Thanks to some gracious access to diamonds by the prestigious mining company De Beers and other firms, geologists are cracking some of the precious stones apart, figuring out just how old they are and gaining clues to Earth's early development.
The results support a theory that just more than 3.3 billion years ago Earth was mostly a water world with little of the land that would one day become continents.
Steven Shirey and David James of the Carnegie Institution of Washington, along with a team of researchers, examined imperfect, cast-off gems donated by large diamond miners. Minerals trapped in the diamonds represent flaws that make the stones worth little or nothing as jewelry, but they can serve as geologic clocks, Shirey explained in a telephone interview with SPACE.com.
The researchers combined this new diamond work with the results of examinations of more than 4,000 diamonds studied during the past two decades, plus new seismic pictures of the deep diamond source region.
Precious clues
Relatively little is known about the early Earth. The continents we know today were once joined in one supercontinent, called Pangaea. Prior to that era, Pangaea had grown from the gathering of small, early continents. At least that's how leading theorists see it.
But there is precious little evidence for anything that happened back then because Earth puts so much energy into digesting its surface and spitting it back out through volcanoes.Diamonds, however, are nearly forever. They survive the chaos of planetary evolution and can even be trapped inside lava. Moreover, some of the mineral grains trapped inside some flawed diamonds are radioactive. They decay over time and produce byproducts.
Shirey and his colleagues studied the ratios of the minerals to the byproducts to learn not only how old the diamonds were but under what conditions they formed. While most diamonds have been brought to the surface relatively recently, they were typically created billions of years ago.
"Every diamond that carries a grain of mineral in it has potentially some information from the source area at the time the diamond crystallized," Shirey said. "We used the diamonds as geologic probes of a portion of the mantle that would be more than 100 kilometers [62 miles] beneath the surface."
Down there, under the Earth's crust, is where continents gain their footing.
The findings
The study, based on diamonds collected in southern Africa, supports a scenario for how Earth looked 3.3 billion years ago.
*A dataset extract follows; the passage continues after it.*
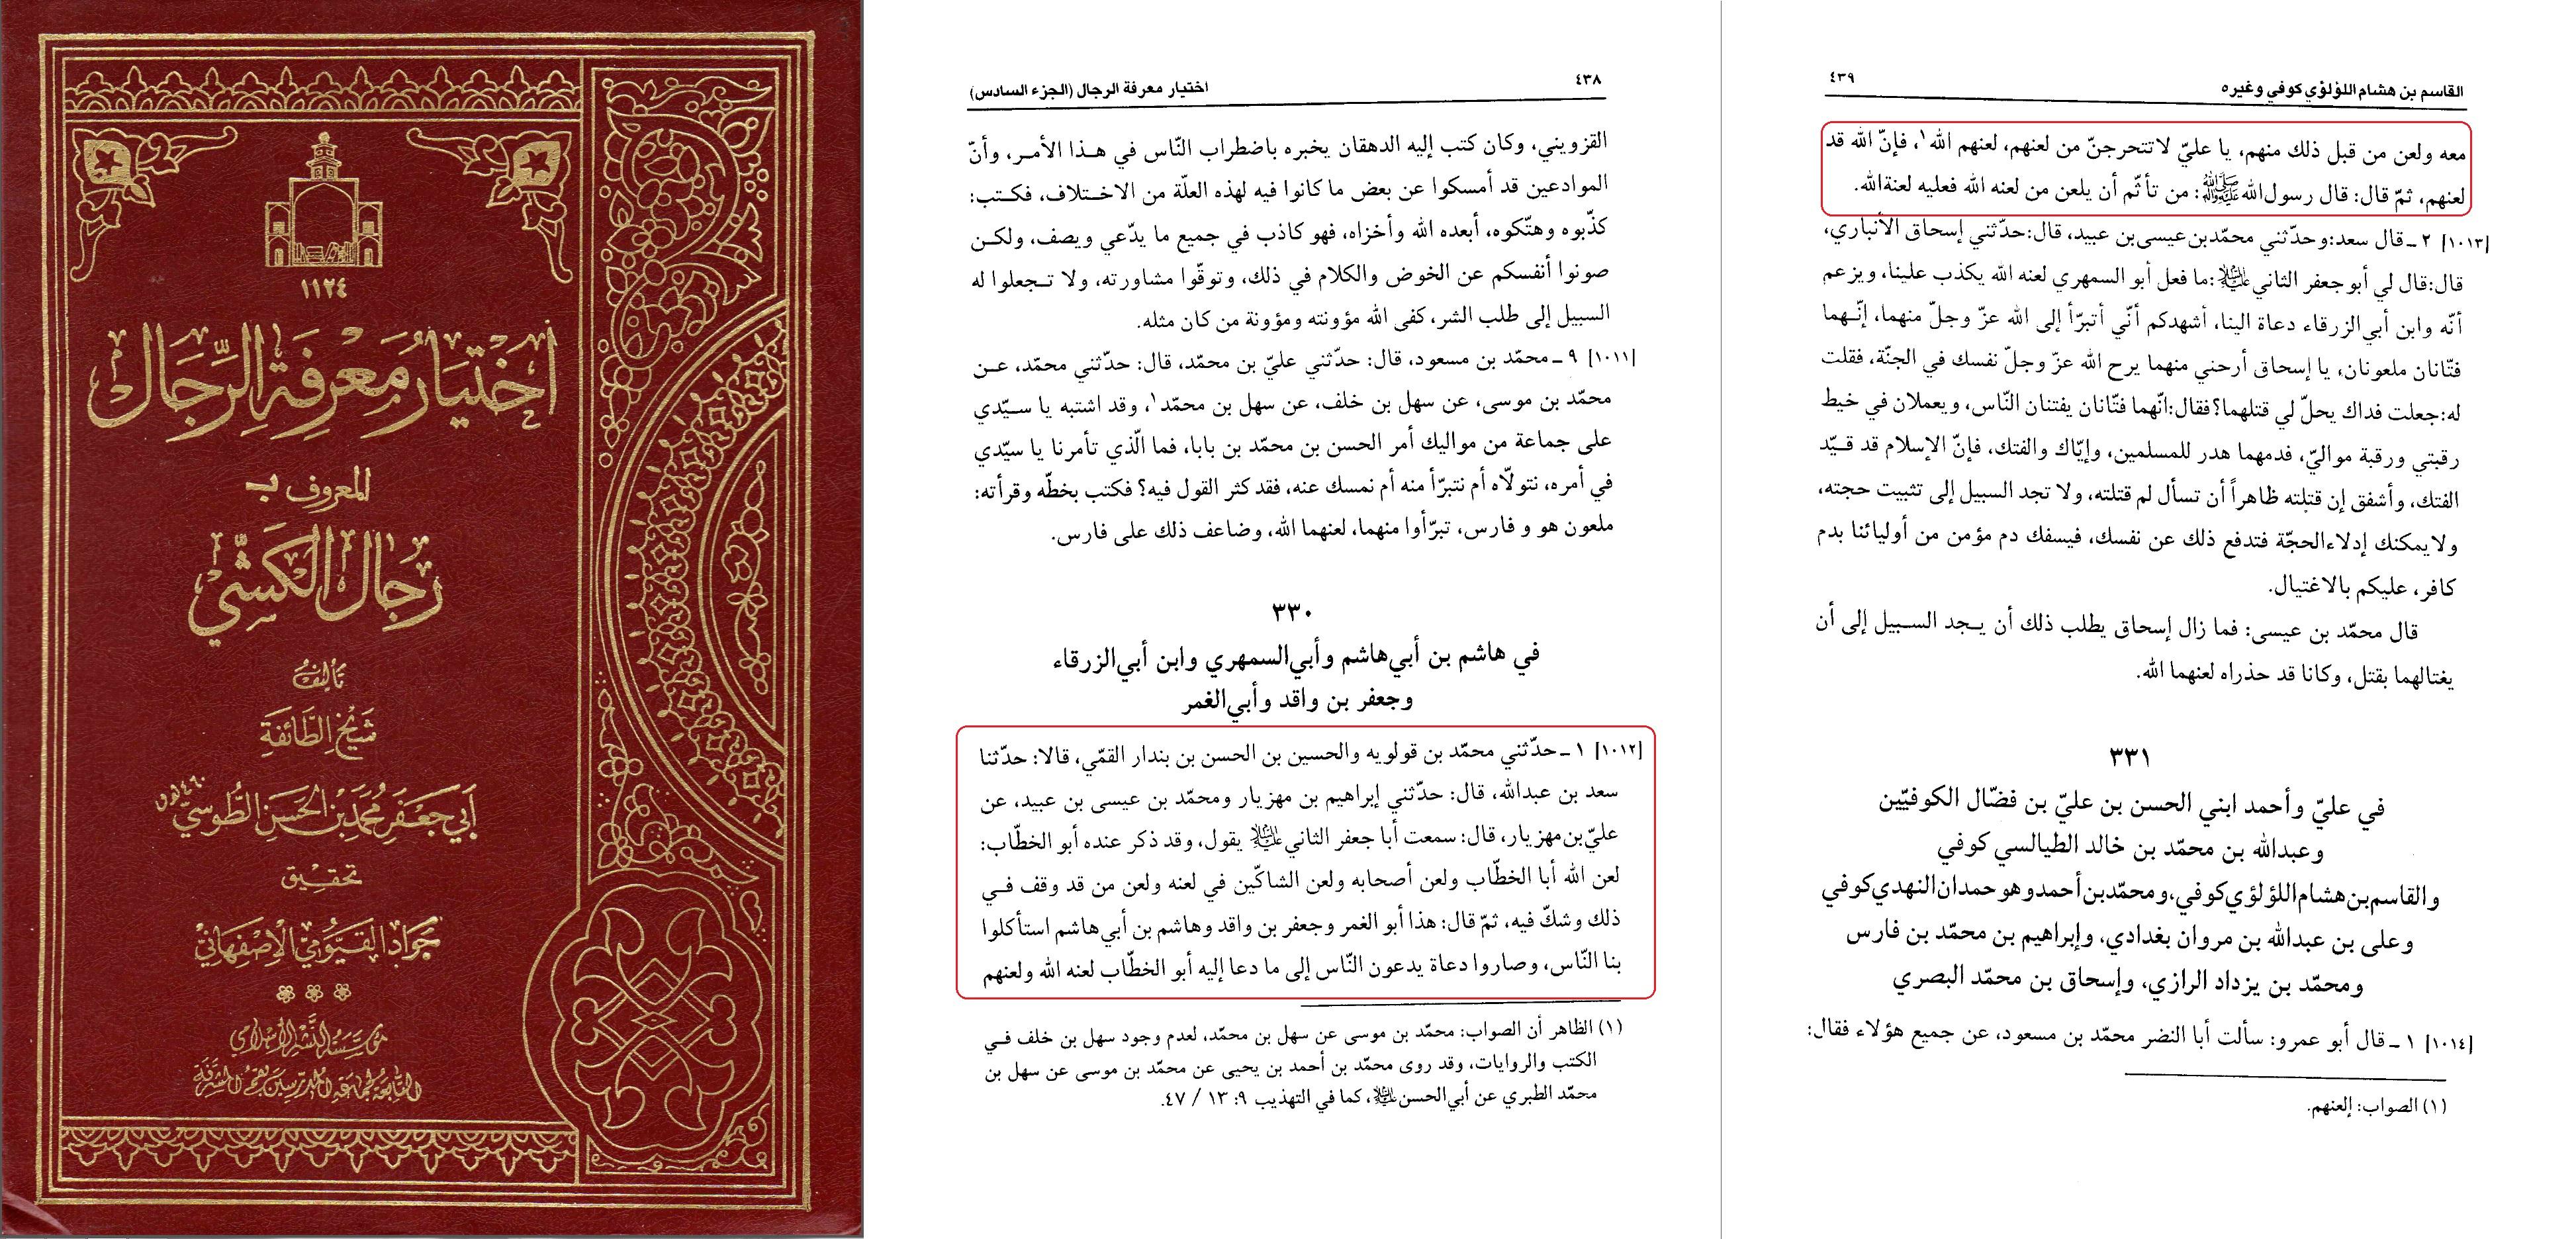 E5teyar-e Ma3refat-e Rejal S 438 - 439
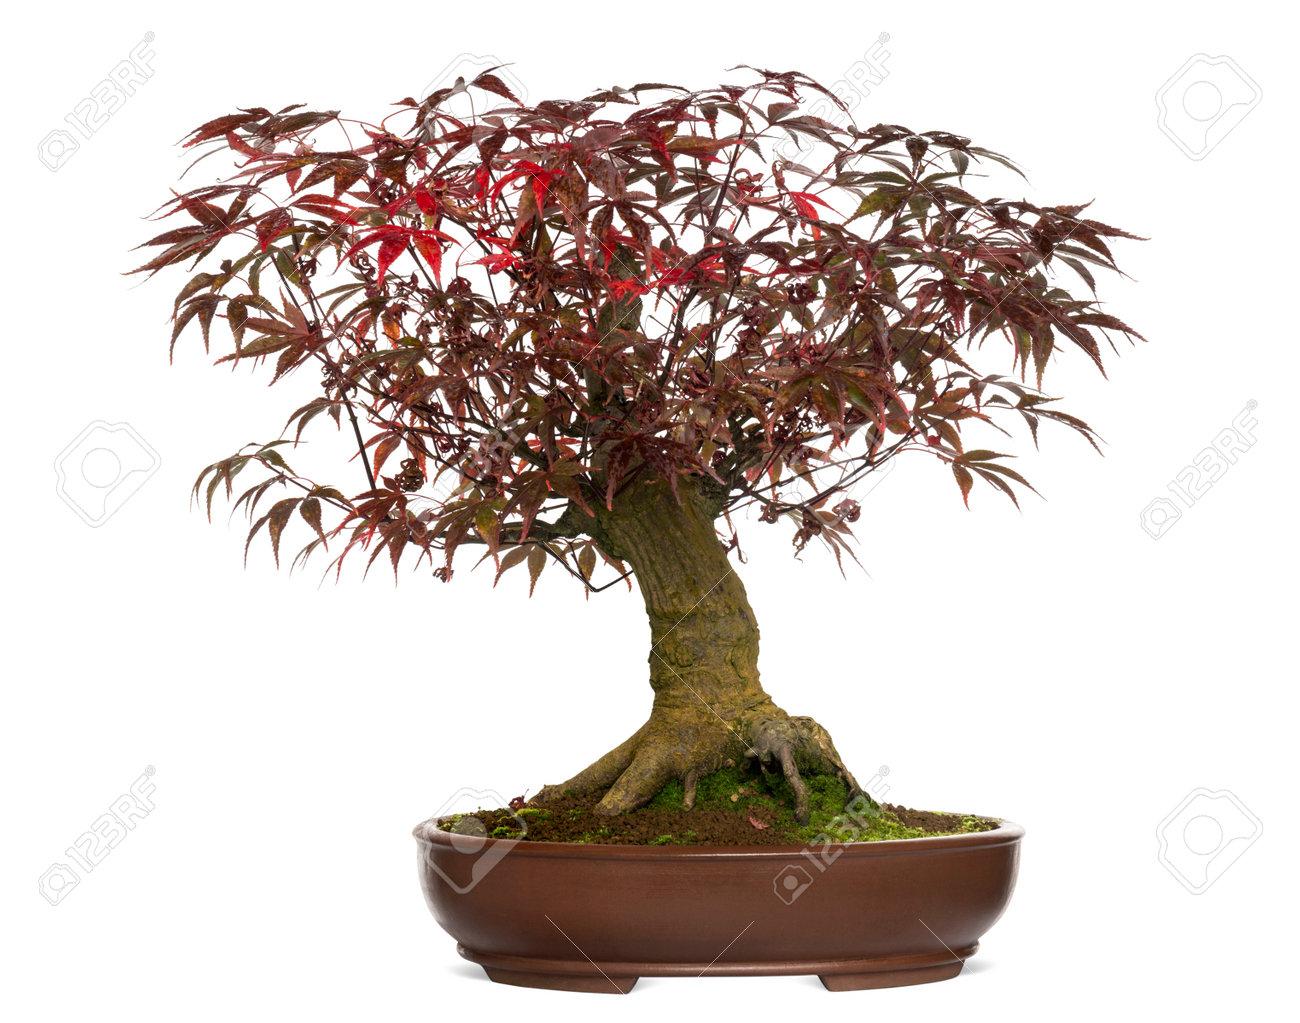 Japanese Maple Bonsai Tree Acer Palmatum Isolated On White Stock

"Probably it was a time when there wasn't much continent around at all, and early continental nuclei were first being generated," Shirey said.
Most of the Earth at that time was covered by water, he said. Some volcanism was probably occurring on the ocean floor. Other scientists have not been able to determine for sure whether there was life on Earth yet.
Other diamonds examined in the study were dated to a distinctly later period, some 2.9 billion years ago, when Shirey says there appeared to be collision of continental fragments and the closing of intervening ocean basins.
"This could represent a time when the continent was actually stabilized in a form like we see today," he said.
The full results will be published in the Sept. 6 issue of the journal Science.
Economics and science
Shirey said diamonds occur in very small quantities -- parts per billion in rock. Mining companies first test a region to see if its chemistry appears suitable for diamond formation. Then in a larger test they crush several tons of the material to see if a few diamonds exist. Only then might full mining operations begin.
Scientists could not afford to look for their own diamonds, he said.
"They're just being supportive of the academic community to make diamonds available for research," Shirey said of the various mining companies that provided the gems. His team is also working with a couple of small diamond producers who can't financially support such an effort, but which have mines in areas that are important to further study.
He expects to pay for the nearly worthless jewels the smaller companies provide. And then, as with the other diamonds they've examined, Shirey and his colleagues will ruin them completely by cracking them open to get at their geologic clocks.